Sunday, February 25, 2018

Happy 75th Birthday, George (My Fab 4)

George, in 1974
This is George Harrison’s 75th birthday weekend. I say “weekend” because even George himself long thought his birthday was February 25th – until one day he learned he was actually born a little before midnight on February 24th. (That’s true. You could look it up.)

George randomly popped into my thoughts two weeks ago after, of all things, I had re-read Willa Cather’s “My Antonia.” I was sad the book didn’t seem as relevant to me after so many years had passed, and I started thinking of creative works that, to me, were still as fresh as when I first encountered them.

Thank God for “The Great Gatsby,” I thought. And the poetry of Yeats. And anything by Poe.
Then I thought of the music of The Beatles.

Yes!

More than 50 years later, and their music still gives me chills. Despite the untimely deaths of George and John, The Beatles are, for me, forever young and new and bright. They were simply pop musicians, and yet they changed the world for the better.

In the early 2000s, before The Beatles catalog was opened up to streaming and available on Apple Music and the many retrospectives were released – and well before Sirius XM launched The Beatles Channel – it was somewhat rare and a bit unexpected to hear a Beatles song on a car radio. On family drives, with my young daughters in the back seat, they would get to know Beatles’ songs because daddy would suddenly turn up the volume and begin to tell stories about one song or another, sometimes with a sentimental tear in his eye.

Despite this, I’m proud to say that both my now-grown daughters are still Beatles’ fans today.

Now it’s 2018, and the music of The Beatles again seems to be here, there and everywhere. On car rides without my daughters now, I especially look forward to a Sirius XM segment called “My Fab 4,” where listeners, artists and celebrities share their favorite four Beatles’ songs and what makes them special.

Here’s my Fab 4:


1. “Here Comes the Sun”


Because, after all, it’s George’s 75th birthday weekend. Because George was just 26 years old when he wrote this song, even though, by then (1969) the Beatles had already conquered the world and were about to break apart.

Of all the Beatles songs, this one – already widely revered when it was first issued – seems to have gained the most in popularity in the intervening years. It’s recently been the most popularly streamed Beatles song, and it’s easy to understand why.

It’ joyful. It’s an end-of-winter song that lifts the soul. It soars, and it takes you with it.

Not only that, I pick this song first because George is my wife’s favorite Beatle. And because it leads into “Abbey Road”’s next song, “Because.”


2. The whole freaking second side of “Abbey Road”


Life goal: a Varettoni family photo in imitation of this
Vinyl had sides, and this was the best side of vinyl ever pressed.

I love, for example, John’s strong Liverpudlian “Scouse” accent on “Polythene Pam.” John is my favorite Beatle.
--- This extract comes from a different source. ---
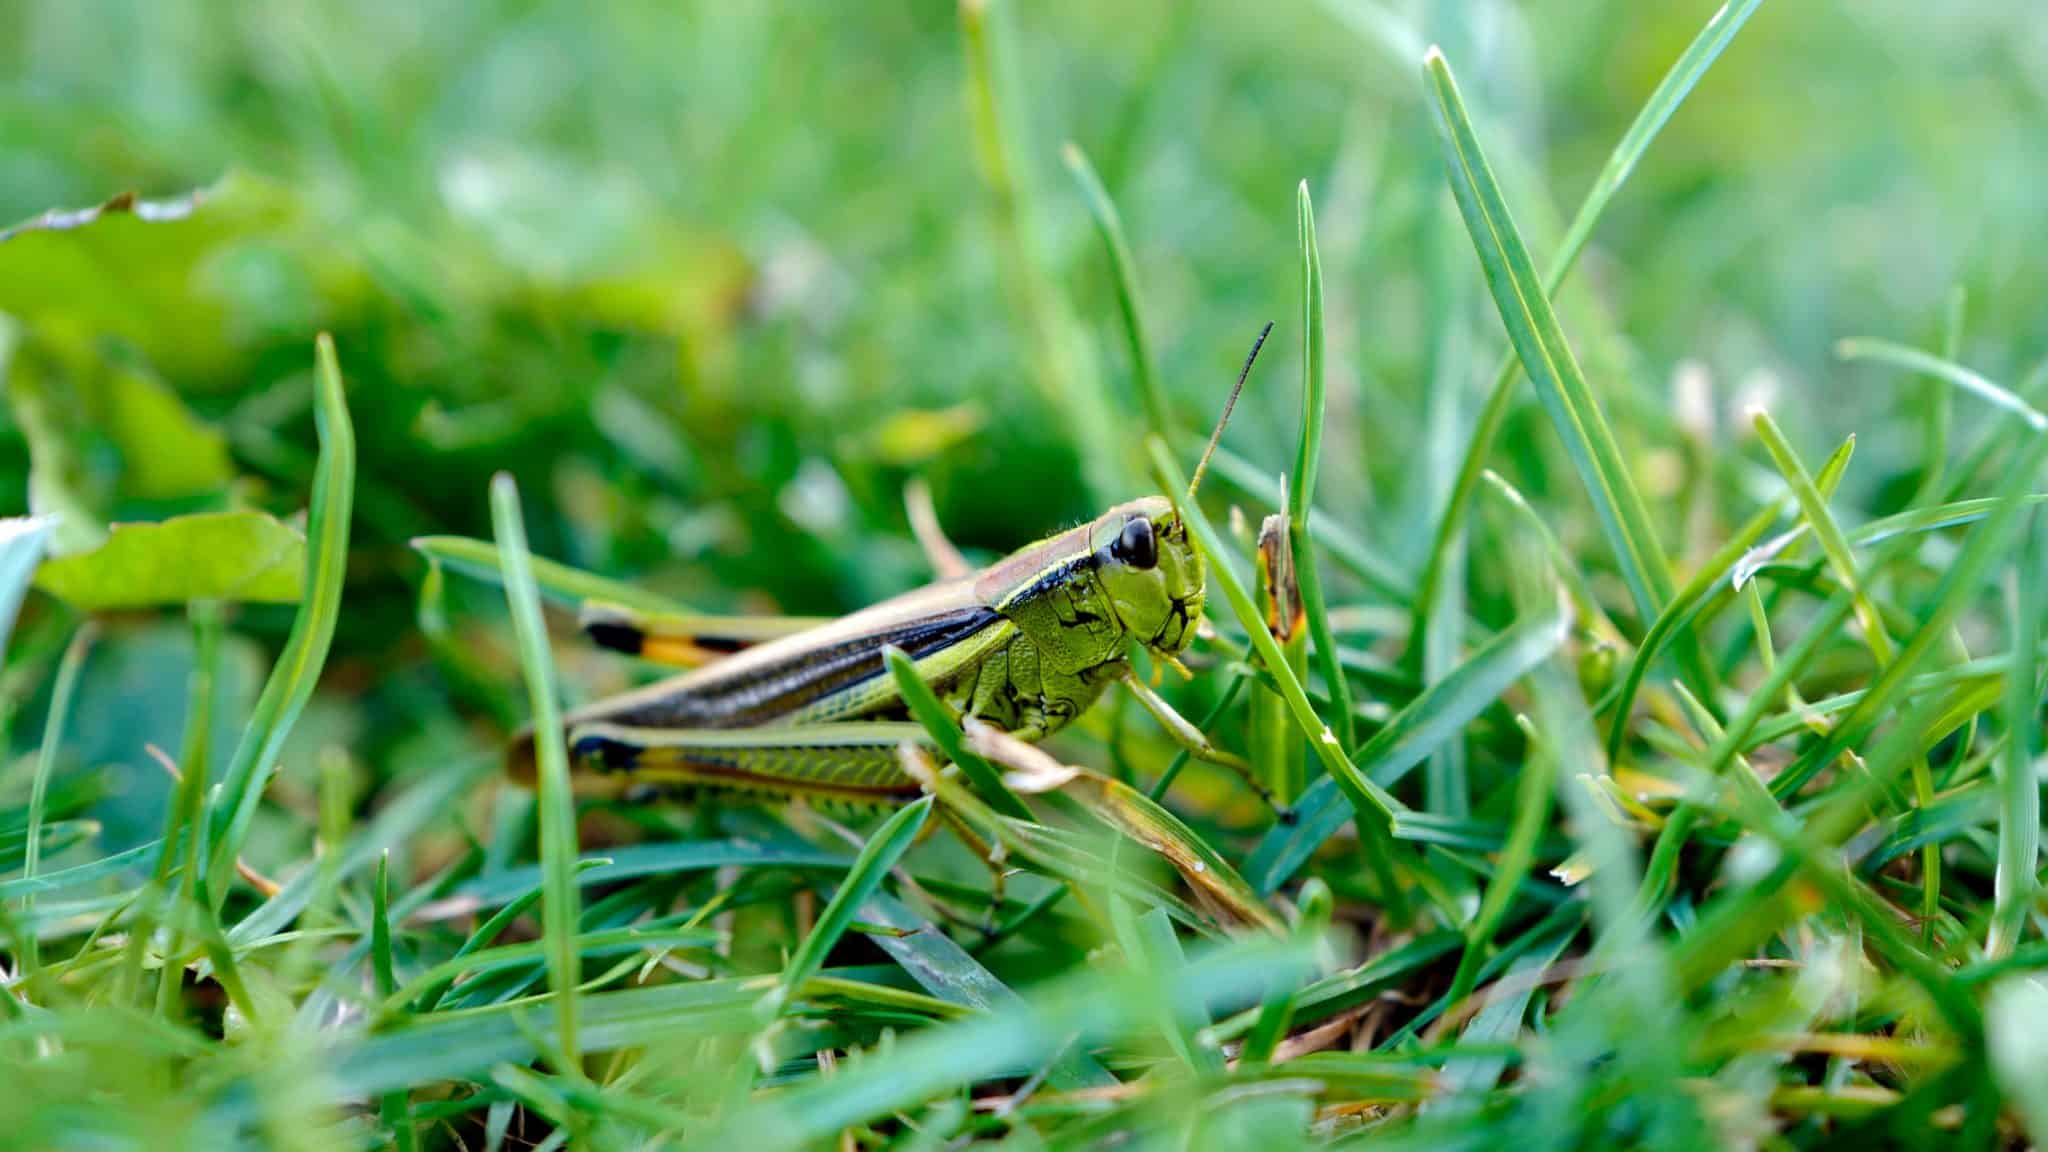 “Plagues” of Grasshoppers Hit Western US

John’s accent on that song reminds me that – unlike the Rolling Stones, who were nice middle-class boys acting like street kids – the Beatles were street kids acting like nice middle-class boys.

In November 1963, in one of the first U.S. major news stories about The Beatles (several months before they appeared on “The Ed Sullivan Show”), NBC’s Edwin Newman noted that all four had been born during The Blitz (the horrific German bombing offensive against Britain during World War II). They grew up in the Mersey section of Liverpool, which Newman called “the toughest section in one of the toughest cities in the world.”

John always maintained that edge and – to me – it was always this element that separated The Beatles from every other great pop music group at the time. I recall John’s shockingly frank interviews in Rolling Stone magazine, which for several weeks in my early teens led me to casually drop f-bombs into my conversation in imitation. I soon stopped that practice, realizing I could never even play-act being as cool as John Lennon.

The medley of songs on the second side of “Abbey Road” is pure 20th Century musical genius – from Paul’s rare bass guitar mistake on the aforementioned “Polythene Pam” all the way to Ringo’s one and only recorded-with-The-Beatles drum solo on “The End.”


3. “A Hard Day’s Night”


Trivia question: What’s the only song in the world recognizable by its opening note?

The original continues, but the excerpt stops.